Audio processing apparatuses are provided. An embodiment of an audio processing apparatus comprises a beamformer, a blocking matrix, a first adaptive filter and a second adaptive filter. The beamformer receives input signals and processes the input signals to generate a first processed signal. The input signals include at least one of a source signal and interference. The blocking matrix receives the input signals and operates to cancel the source signal from the input signals to generate a second processed signal. The first adaptive filter has adaptable first filter coefficients, generates a first filtered signal approximating the interference according to the first and second processed signals and continuously adapts the first filter coefficients according to the first filtered signal and the first processed signal. The second adaptive filter has adaptable second filter coefficients, generates a second filtered signal approximating the interference according to the first and second processed signals and selectively adapts the second filter coefficients according to the first filter coefficients and an output signal.
Another embodiment of an audio processing apparatus comprises an adaptive beamforming filter and an adaptive echo canceller. The adaptive beamforming filter receives a plurality of input signals, comprising at least one of a source signal, interference and echo, in a first acoustic path from a microphone array of the system and operates to cancel the interference from the input signals to generate a first processed signal and selectively change an adaptation step size of a plurality of filter coefficients according to a control signal. The adaptive echo canceller is coupled between the first acoustic path and at least one loudspeaker in a second acoustic path of the system and operates to cancel the echo from the first processed signal to generate a second processed signal, wherein the control signal is generated according to the presence of the echo in the input signals.
A detailed description is given in the following embodiments with reference to the accompanying drawings.
The invention can be more fully understood by reading the subsequent detailed description and examples with references made to the accompanying drawings, wherein:
a shows an exemplary waveform of a speech signal;
b shows an exemplary waveform of another speech signal with SNR=−6 dB;
c shows the exemplary waveforms of the analysis results of obtained energy levels, power ratios, the control signals; and
The following description is of the best-contemplated mode of carrying out the invention. This description is made for the purpose of illustrating the general principles of the invention and should not be taken in a limiting sense. The scope of the invention is best determined by reference to the appended claims.
As shown in
A blocking matrix 103 is disposed in another audio processing path to receive the input signals and operates to cancel the source signal from the input signals so as to generate another processed signal SBM. According to an embodiment of the invention, the blocking matrix 103 receives the delay compensated input signals from the delay compensation unit 201 and may cancel the source signal by subtraction.
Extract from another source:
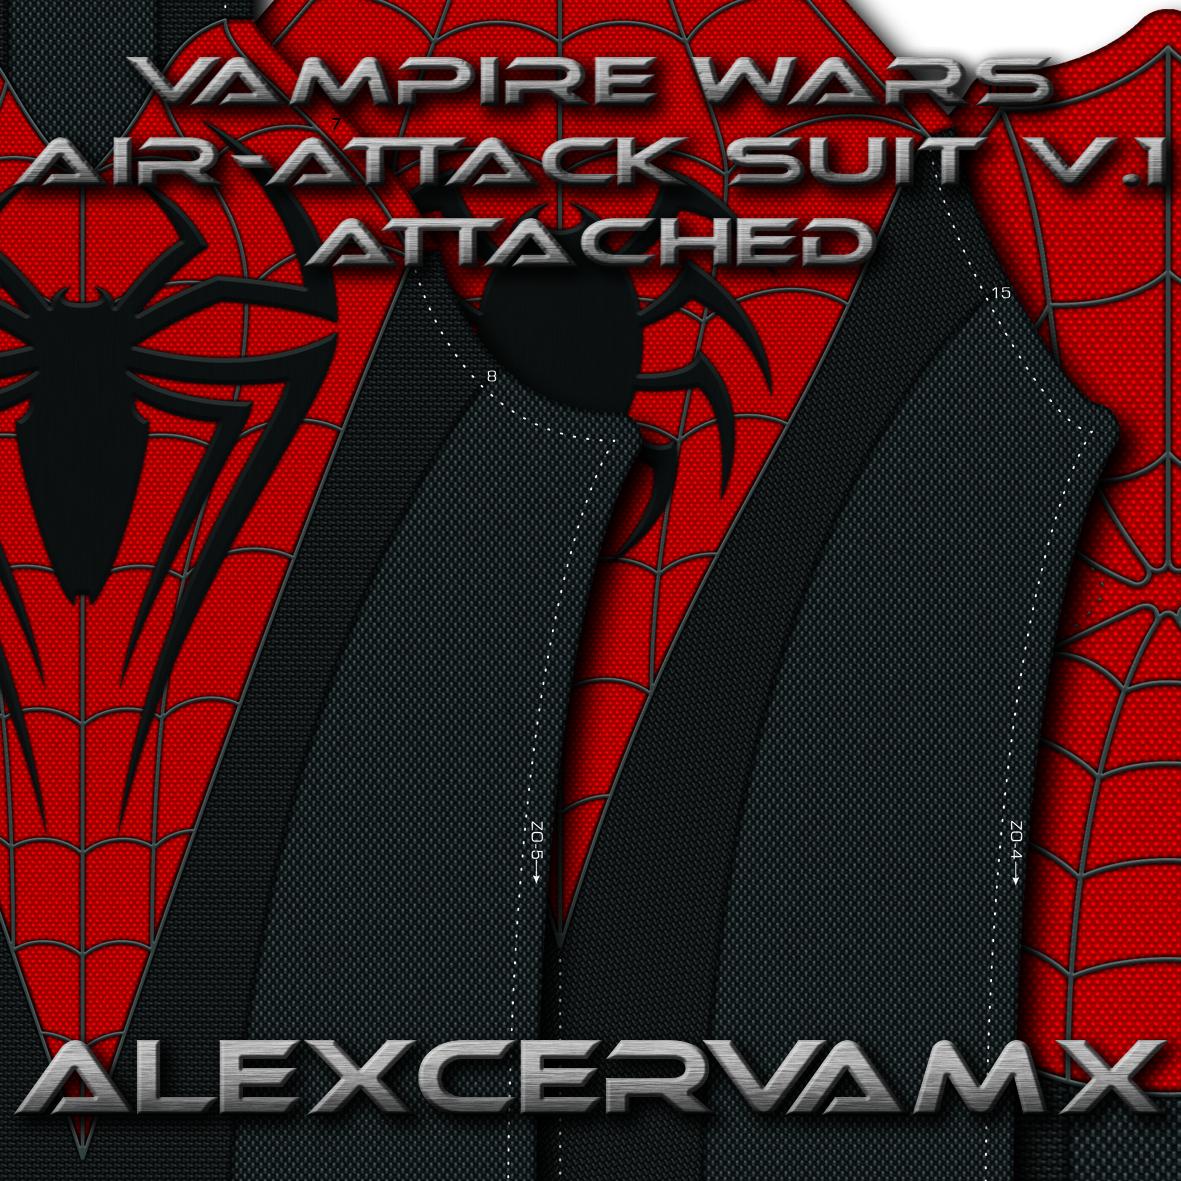 AlexCerva's SM Vampire Wars AirAttack Suit v1 Dye Sub Pattern

According to another embodiment of the invention, the beamformer 102 and the blocking matrix 103 may also be integrated as a signal generator 109 for outputting the processed signals SBF and SBM. Because the input signals are synchronized after delay compensation, the processed signal SBM containing essentially only interference is obtained by subtracting one channel from another. An exemplary blocking matrix WC is shown as:
where the dimension M′ of WC can be determined as M′=M−1 and M represents the number of microphones in the microphone array.
According to an embodiment of invention, the audio processing apparatus 100 comprises two adaptive filters 104 and 105, instead of one as compared with the conventional design, and a characteristic analyzer 106 and a controller 107 to improve interference filtering performance. The interference filtering performance is improved, especially when the audio processing apparatus 100 is disposed in a noisy environment with low signal to noise ratio (SNR). The adaptive filters 104 and 105 are coupled between the beamformer 102 and the blocking matrix 103 and respectively have a plurality of adaptable filter coefficients.
According to the embodiment of the invention, the filter coefficients of the adaptive filter (104 and/or 105) may be adapted according to the normalized least mean squares (NLMS) algorithm to minimize the cost for a next adaptation. The NLMS algorithm updates the coefficients of an adaptive filter by using the following equation:
where the error signal e(n)=d(n)−y(n), d(n) is the input signal of the adaptive filter, y(n) is the output signal from the adaptive filter, {right arrow over (w)}(n) is the filter coefficients vector, {right arrow over (u)}(n) is the filter input vector, and μ is the step size for the coefficient adaptation of the adaptive filter. By way of that, the interference portion is processed through the adaptive filter 105 to minimize the output power of the output signal Sout, which is equivalent to minimize the interference content of the output signal Sout.
According to an embodiment of the invention, the step size for the coefficient adaptation of the adaptive filter 105, such as the value μ shown in Eq. 2, may vary with the characteristics of the coefficients of the adaptive filter 104. The characteristic analyzer 106 is coupled to the adaptive filter 104 for analyzing the characteristics of the coefficients of the adaptive filter 104. As an example, the characteristic analyzer 106 monitors the coefficients of the adaptive filter 104 and analyzes energy level of the coefficients. According to the embodiment of the invention, when the source signals are substantially picked up by the microphone array 101A˜101M in the desired direction (the direction directed to the position of a speaker), the resulting signals output from the beamformer 102 and the blocking matrix 103 will hypothetically diverge. That is, the difference between the processed signals SBM and SBF will be large. In this case, since the coefficients of the adaptive filter 104 are continuously adapted for minimizing the output energy, the coefficient energy of the adaptive filter 104 would be larger than the coefficient energy in other cases. Thus, according to the embodiment of the invention, the controller 107 coupled between the characteristic analyzer 106 and the adaptive filter 105 generates a control signal Sctrl according to the energy level of the coefficients of the adaptive filter 104, which is analyzed by the characteristic analyzer 106, so as to direct the adaptive filter 105 to change its adaptation step size according to the control signal Sctrl.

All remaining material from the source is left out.